レチノイン酸処理を伴うin vitroで胚性幹細胞由来生殖細胞様細胞における新しいマウス特異的生殖細胞遺伝子発現の評価

胚性体（ESC）によるOCT4-GFP（OCT4の緑色蛍光タンパク質の発現）胚性幹細胞（ESC）の分化を誘導する研究を設計し、レチノイン酸（RA）を使用して生殖細胞（GC）に生成する培養系（GC）に誘導し、発現を評価しました。分化細胞における（FKBP6、MOV10L1、4930432K21RIK、およびTEX13）のレベル。4つのGC関連遺伝子、OCT4、MVH、SCP3、およびSTRA8の発現レベルは、定量的リアルタイムポリメラーゼ連鎖反応（Q-RT-PCR）によって決定されました。免疫染色およびフローサイトメトリーを追加のテストとして使用して、Q-RT-PCR所見を確認しました。減数症マーカーと特定の遺伝子の発現で有意な増加が発生しました。FKBP6（P = 0.00）、Mov10L1（P = 0.01）、およびTEX13（P = 0.00）は、コントロールと比較してRA（+RA）で処理されたESC（P = 0.00）ra）。OCT4の発現は、すべての研究グループで減少しました。+RAグループの4930432K21RIK、MVH、STRA8、およびSCP3の発現レベルは、-RAグループの発現よりも高かった。フローサイトメトリー分析により、 +RAグループのMVH陽性細胞の平均数は、ESC、-RAおよびEB7グループと比較して大きいことが示されました（P = 0.00）。多能性因子としてのOCT4のダウンレギュレーションおよび減数分裂マーカーの発現であるこの仮説は、ESCがRAによって区別され、GC様細胞としての最初の減数分裂の接合体/パキテンに導入されているという仮説が提起されています。

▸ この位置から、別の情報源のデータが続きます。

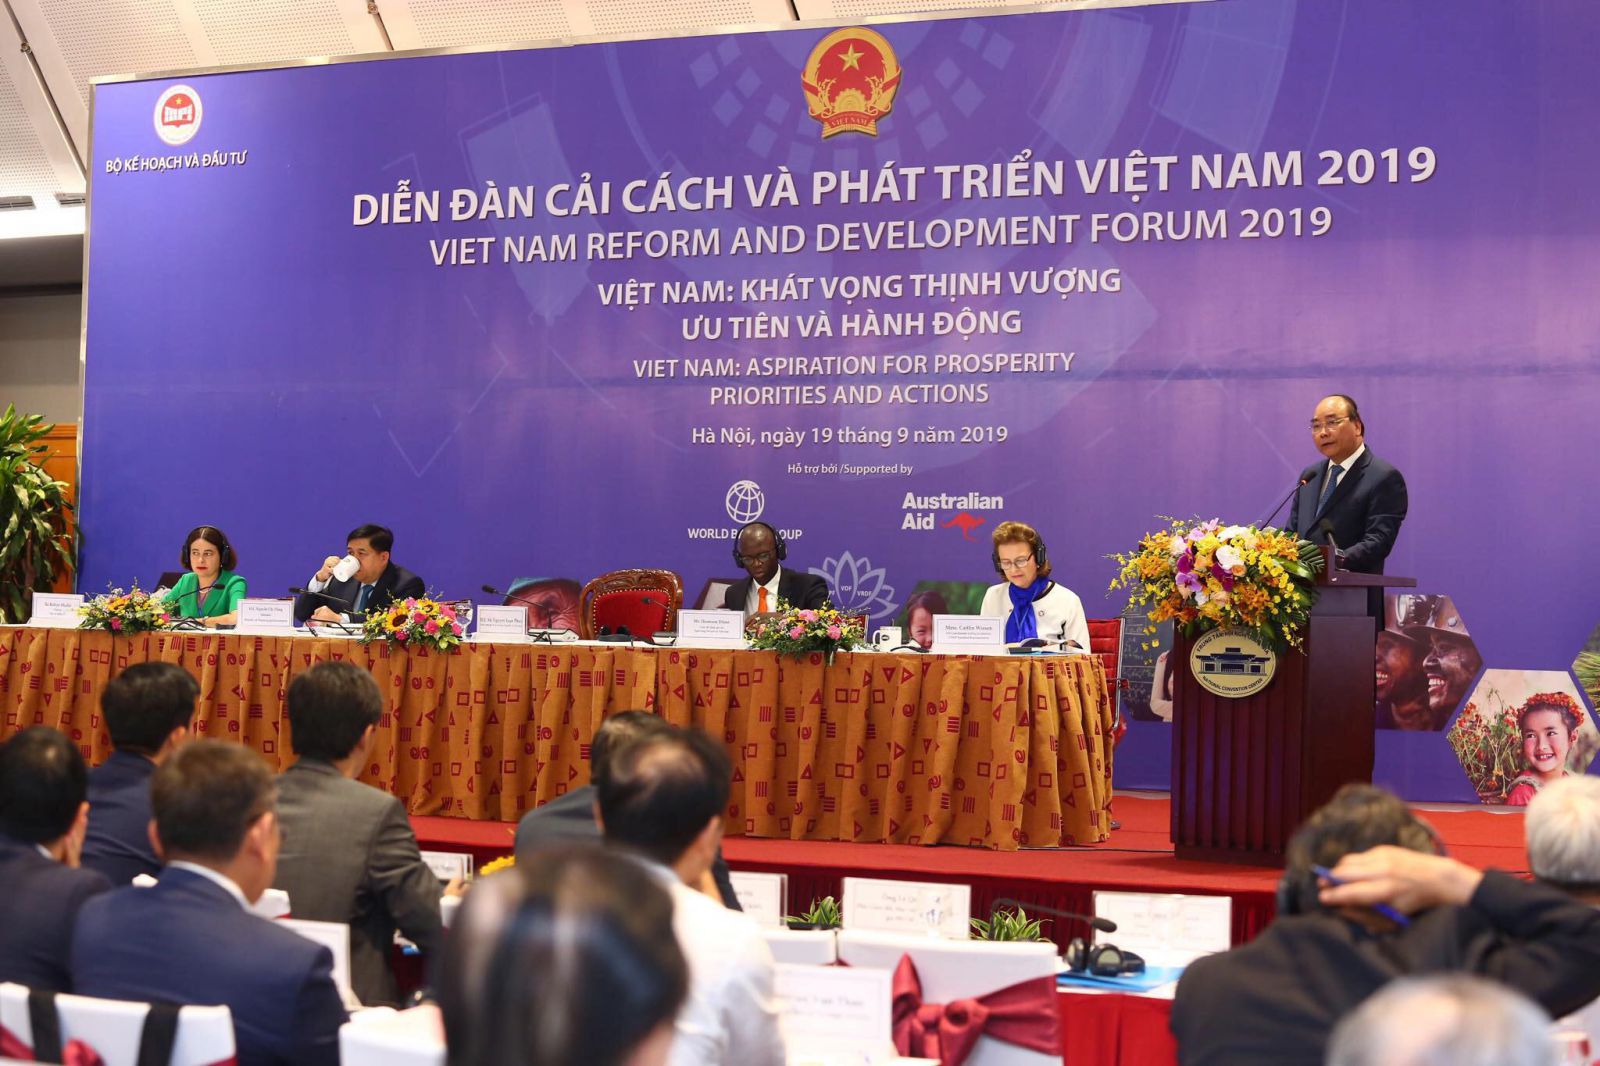 Diễn đàn thường niên về Cải cách và Phát triển lần thứ Hai năm 2019 (VRDF 2019) với chủ đề “Việt Nam: Khát vọng thịnh vượng - Ưu tiên và Hành động” đang diễn ra tại Hà Nội.

We designed a study to induce differentiation of Oct4-GFP (expression of Green Fluorescent Protein of oct4) embryonic stem cells (ESCs) by embryoid body (EB) culture system into germ cells (GCs) using retinoic acid (RA) and evaluated the expression level of (Fkbp6, Mov10l1, 4930432K21Rik, and Tex13) in differentiated cells. The expression levels of four GC-related genes, Oct4, Mvh, Scp3, and Stra8, was determined by quantitative real-time polymerase chain reaction (q-RT-PCR). Immunostaining and flow cytometry were used as additional tests to confirm q-RT-PCR findings. A significant increase occurred in the expression of meiotic markers and specific genes, Fkbp6 (p = 0.00), Mov10l1 (p = 0.01), and Tex13 (p = 0.00) in ESCs treated with RA (+RA) compared with the controls (-RA). Oct4 expression was decreased in all studied groups. The expression levels of 4930432K21Rik, Mvh, Stra8, and Scp3 in the +RA group was higher than that of the -RA group. Flow cytometry analysis showed that mean number of Mvh-positive cells in the +RA group was greater as compared with ESCs, -RA and EB7 groups (p = 0.00). Downregulation of Oct4 as a pluripotency factor as well as the expression of meiosis markers, this hypothesis is raised that ESCs are differentiated by RA, and have been introduced into the zygote/pachytene of first meiosis as GC-like cells.